Use the prediction equation to calculate the predicted mean number of breaks for each tension level. 
$$
\hat{y}=\begin{cases} 
36.39,& \text{for low tension,}\\
26.39,& \text{for medium tension,}\\
21.67,& \text{for high tension,}\\
\end{cases}
$$

Is the mean number of breaks the same for all tensions?

- The F-test at the bottom of the output provides a test for no effect of tension. This is rejected with $p=0.001753$. 

Next, perform a two way analysis of variance with both wool type and tension as factors and no interaction. Remember to make plot(s). 

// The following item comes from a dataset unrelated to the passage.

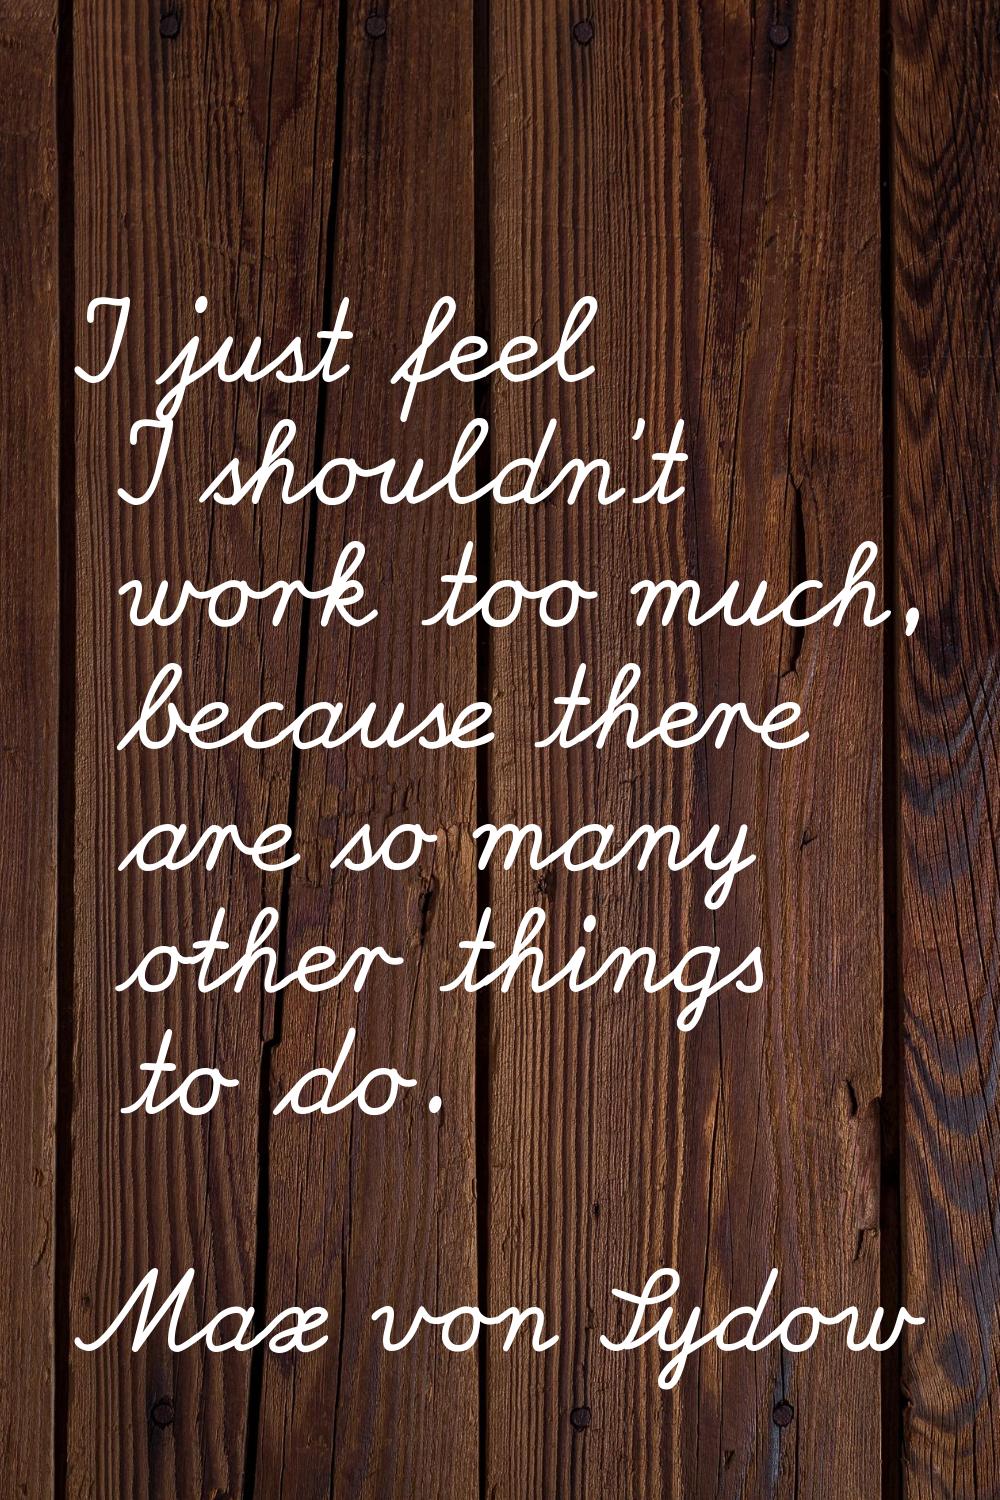 I just feel I shouldn't work too much, because there are so many other things to do.

- We plot the sample mean for all combinations of wool and tension: 
```{r}
with(warpbreaks, interaction.plot(tension, wool, breaks, col = 2:3))
```

- The lines are not parallel, suggesting an interaction. The model without interaction is fitted:
```{r}
model2<-lm(breaks~tension + wool ,data=warpbreaks)
summary(model2)
```


Write down the prediction equation. 

- Let
$$
w=\begin{cases}
1& \text{if wool has type B,}\\
0& \text{otherwise.}
\end{cases}
$$
Then
$$
\hat{y}= 39.3  -10.00*z_1-14.72* z_2 - 5.778*w
$$

Use the prediction equation to calculate the predicted mean number of breaks for each combination of wool and tension.

- wool A, low tension: 39.3

- wool A, med. tension: 29.3

- wool A, high tension: 24.6

- wool B, low tension: 33.5

- wool B, med. tension: 23.5

- wool B, high tension: 18.8


Investigate if there is an interaction between wool and tension.

- We fit the model with interaction and make an F-test:
```{r}
model3<-lm(breaks~tension * wool ,data=warpbreaks)
anova(model2,model3)
```
We find that there is a significant interaction (at the 0.05 level) with $p=0.021$.